The research firm cites multiple factors behind this growth including a rising demand for ceramic ball bearings in electric vehicles and large-scale railway, aerospace, and wind power projects. The top threats cited are cheap and fake products entering the market, along with the growing utilization of used bearings.
With this level of growth potential, the bearings market is set to attract increased competition.
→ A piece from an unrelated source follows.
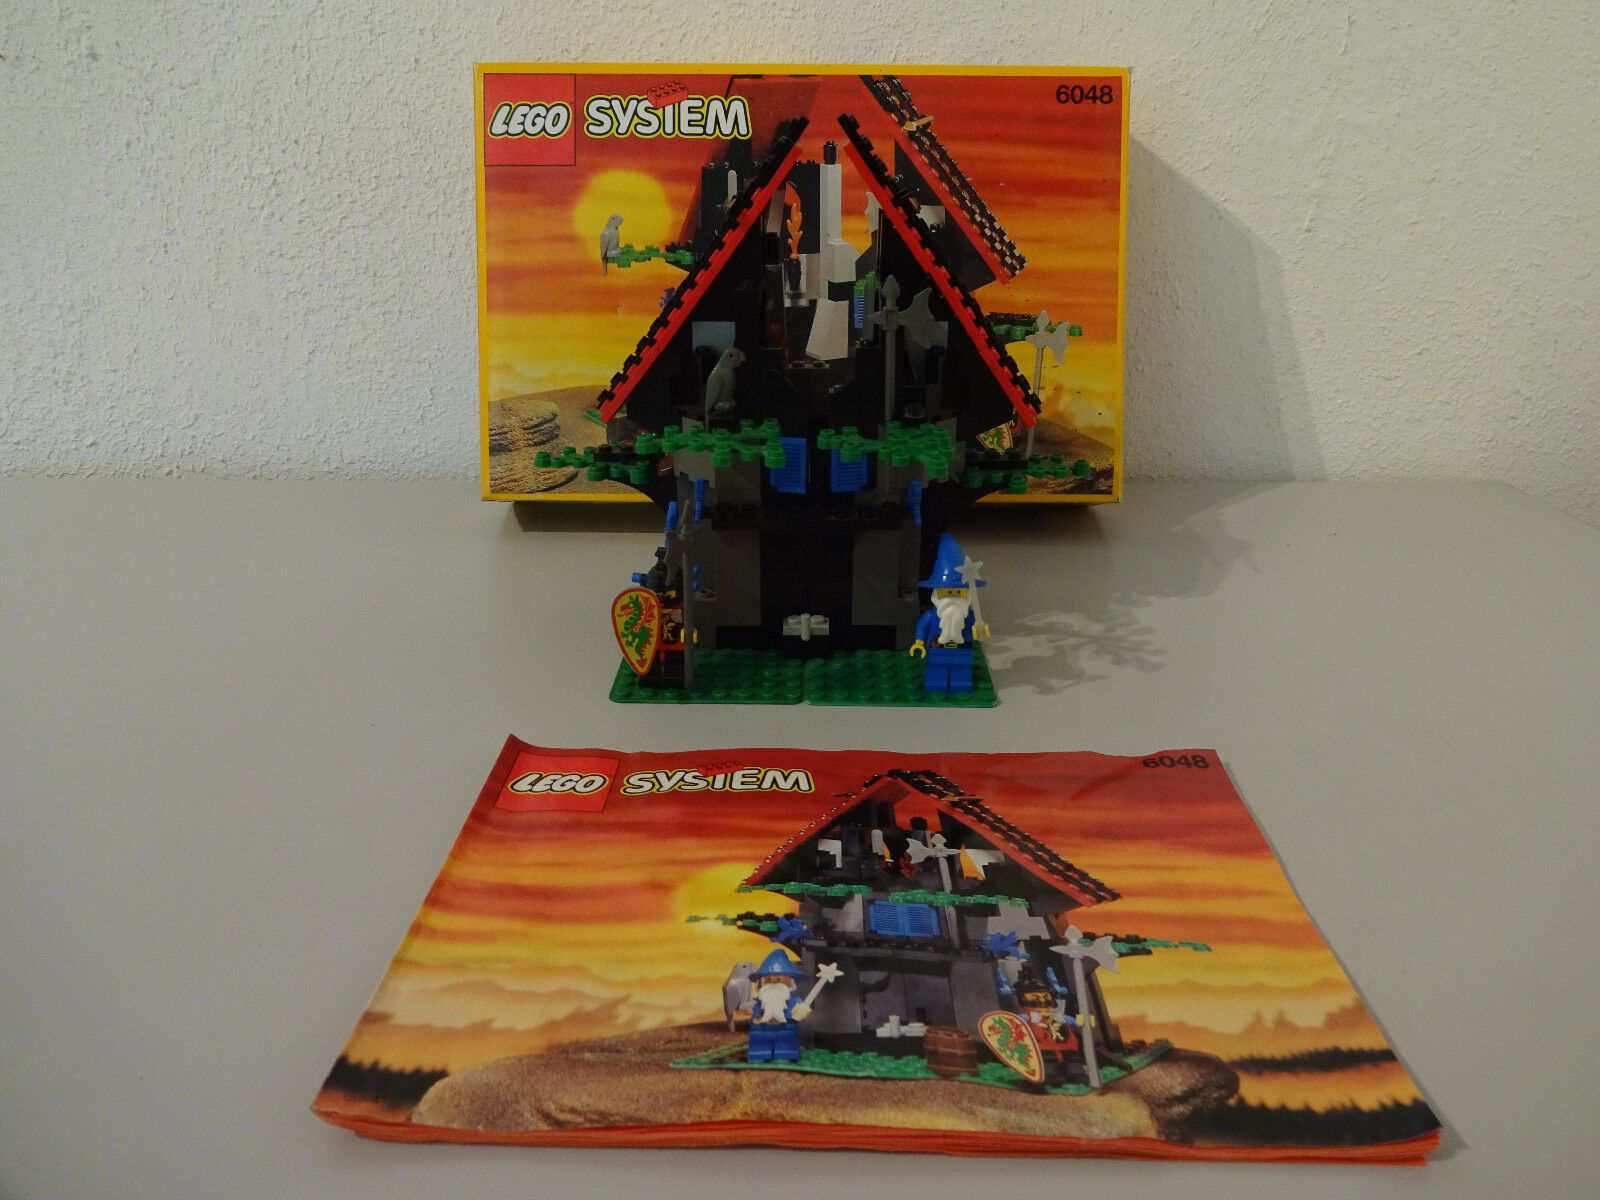 (GO)LEGO (GO)LEGO (GO)LEGO SYSTEM 6048 MAJISTO'S MAGICAL SHOP WITH & BA 100% COMPLETE USED 2754b5

In fact, it's not only our traditional competitors that keep me up at night these days; it's the threat of a completely new business model disrupting our market. I look at what happened over the last years in different markets: Airbnb is the world's largest housing provider, yet owns no hotels. Uber is the world's largest taxi company, yet owns no vehicles. Girder 33 free download full. And while these companies and many other recent disrupters are now acquiring assets, who's to say such a competitor with new ideas and a different business model won't emerge in our space, significantly disturbing our growth or even threatening our existence? It can be tough to convince people of the need to change before a crisis actually hits.
But the larger and more set in its ways a company becomes, the harder it is and the longer it takes to change. The sudden demise of once great companies, like the photography company Kodak, provides a valuable lesson: Large-scale transformation must begin well before a major threat appears on the horizon. Fortunately for us, a new CEO, Alrik Danielson, joined SKF in late 2015. He came in to shake up the status quo and asked: 'What is our demand chain vision? What is our guiding star for the next 10 to 15 years?' He encouraged us to take inspiration from any source and not be constrained in our thinking by any technical, organizational, or other limitation.